▸ **Data segment**
****

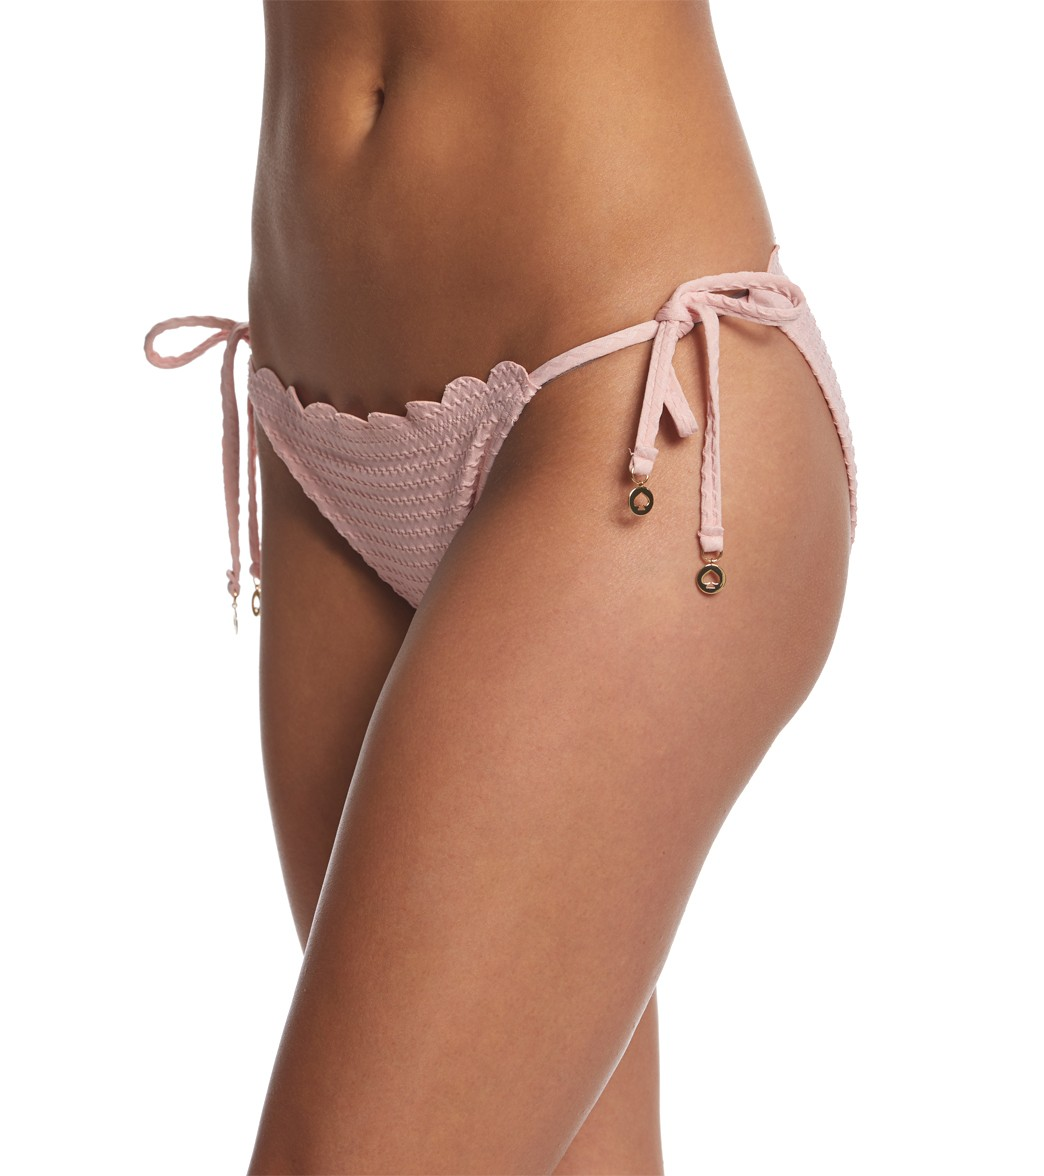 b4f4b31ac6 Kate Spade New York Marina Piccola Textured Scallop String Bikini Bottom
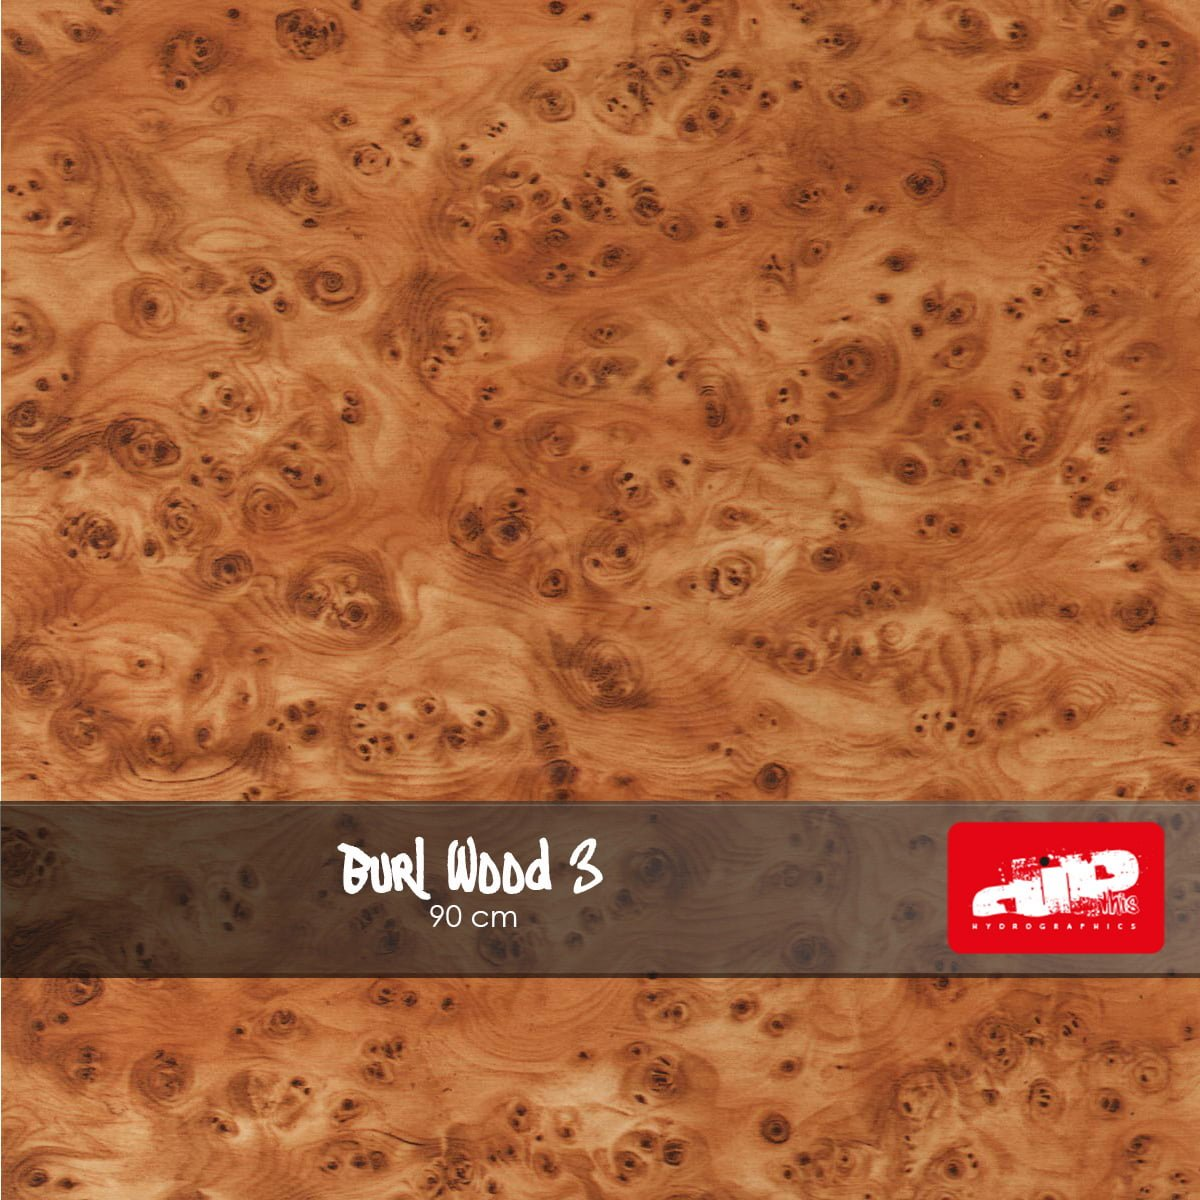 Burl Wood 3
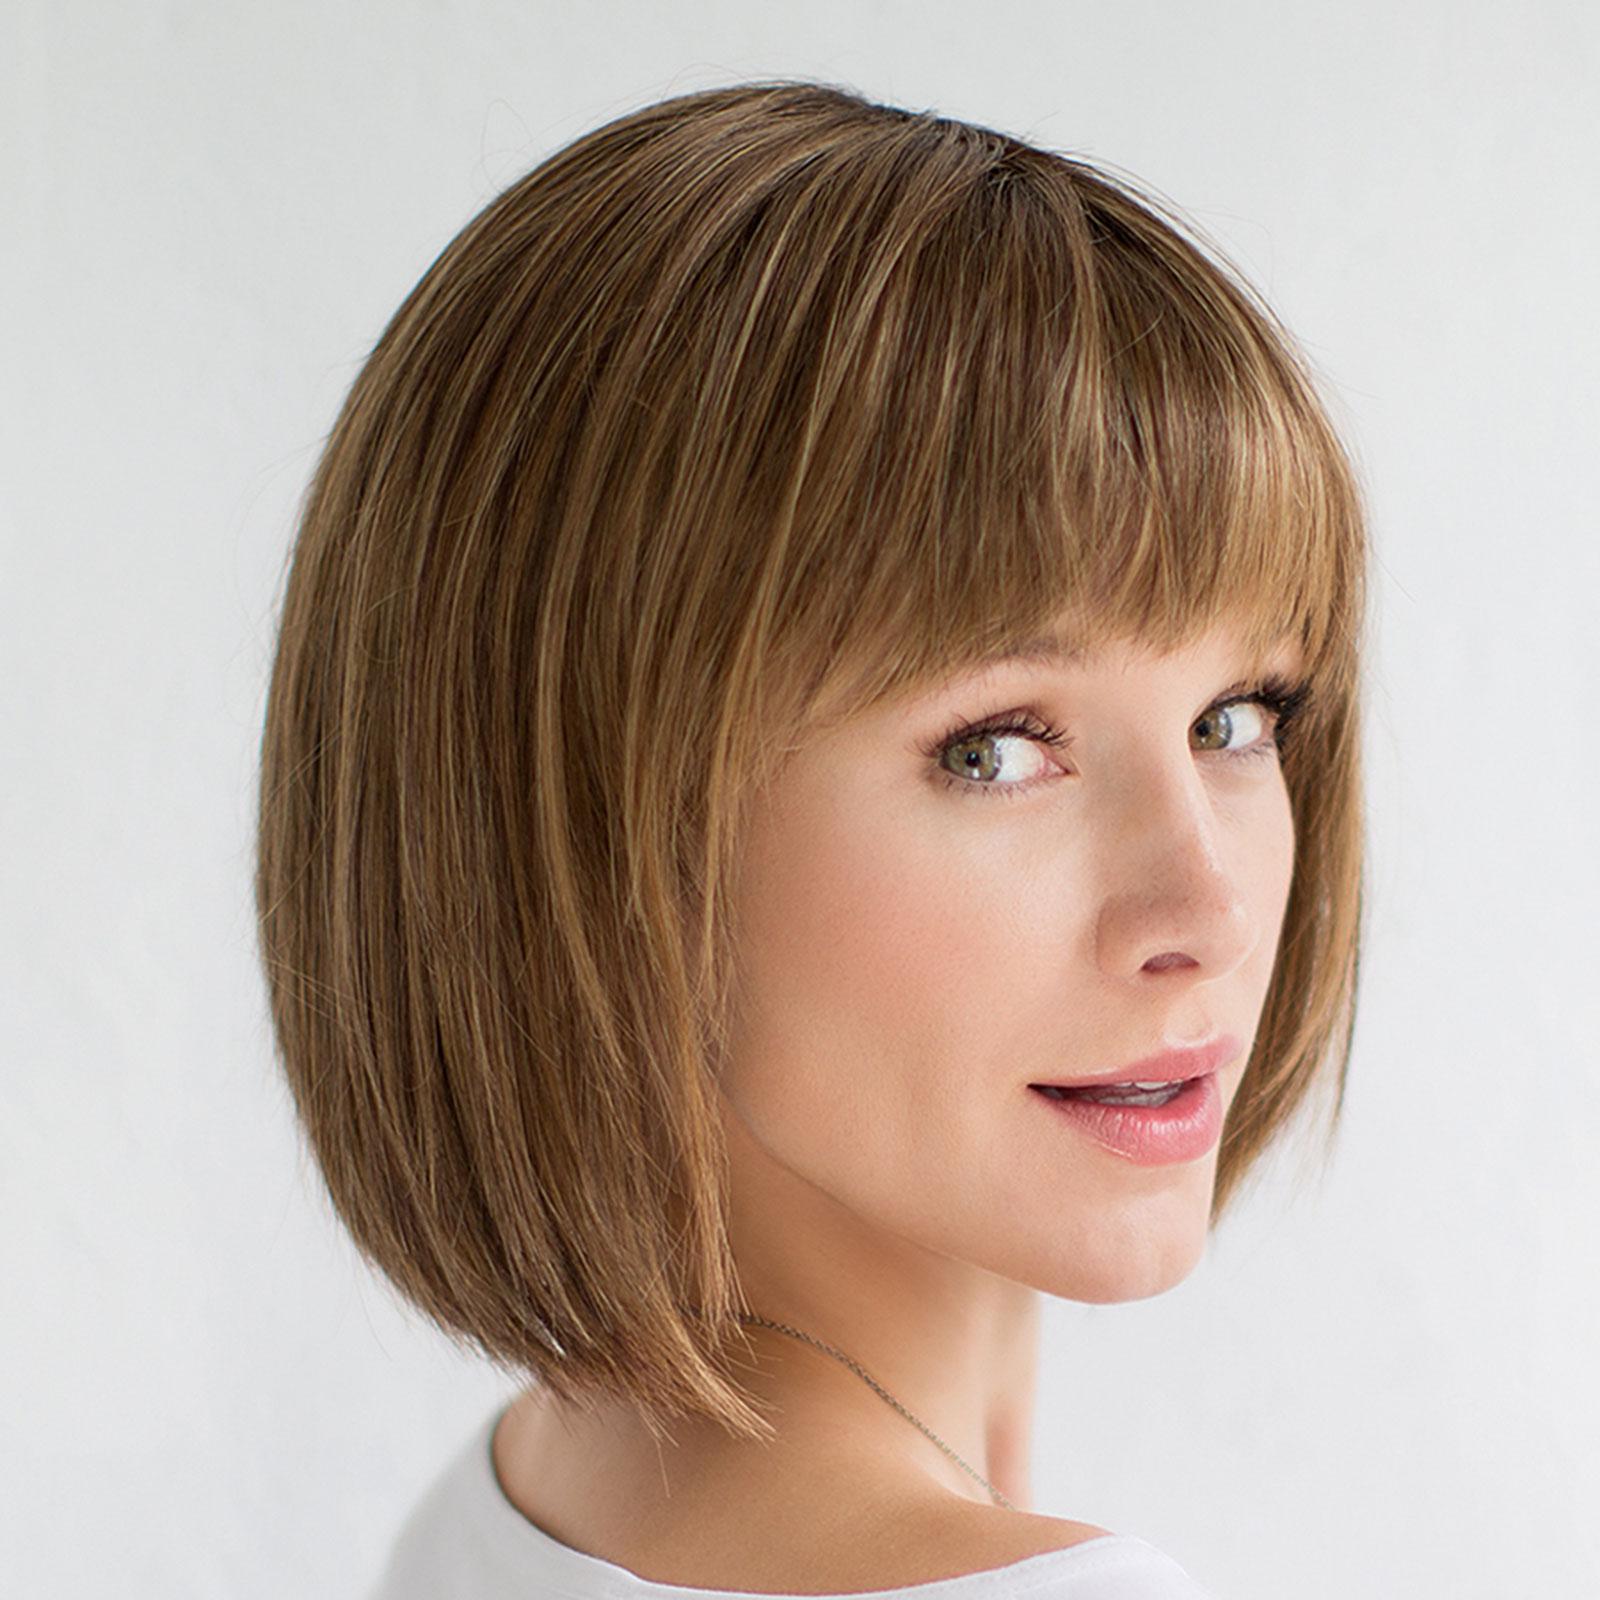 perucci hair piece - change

****

▸ **Prompt**
With the pictures removed, output the listing above exactly.

▸ **Exercise output**
 b4f4b31ac6 Kate Spade New York Marina Piccola Textured Scallop String Bikini Bottom
 Burl Wood 3
 perucci hair piece - change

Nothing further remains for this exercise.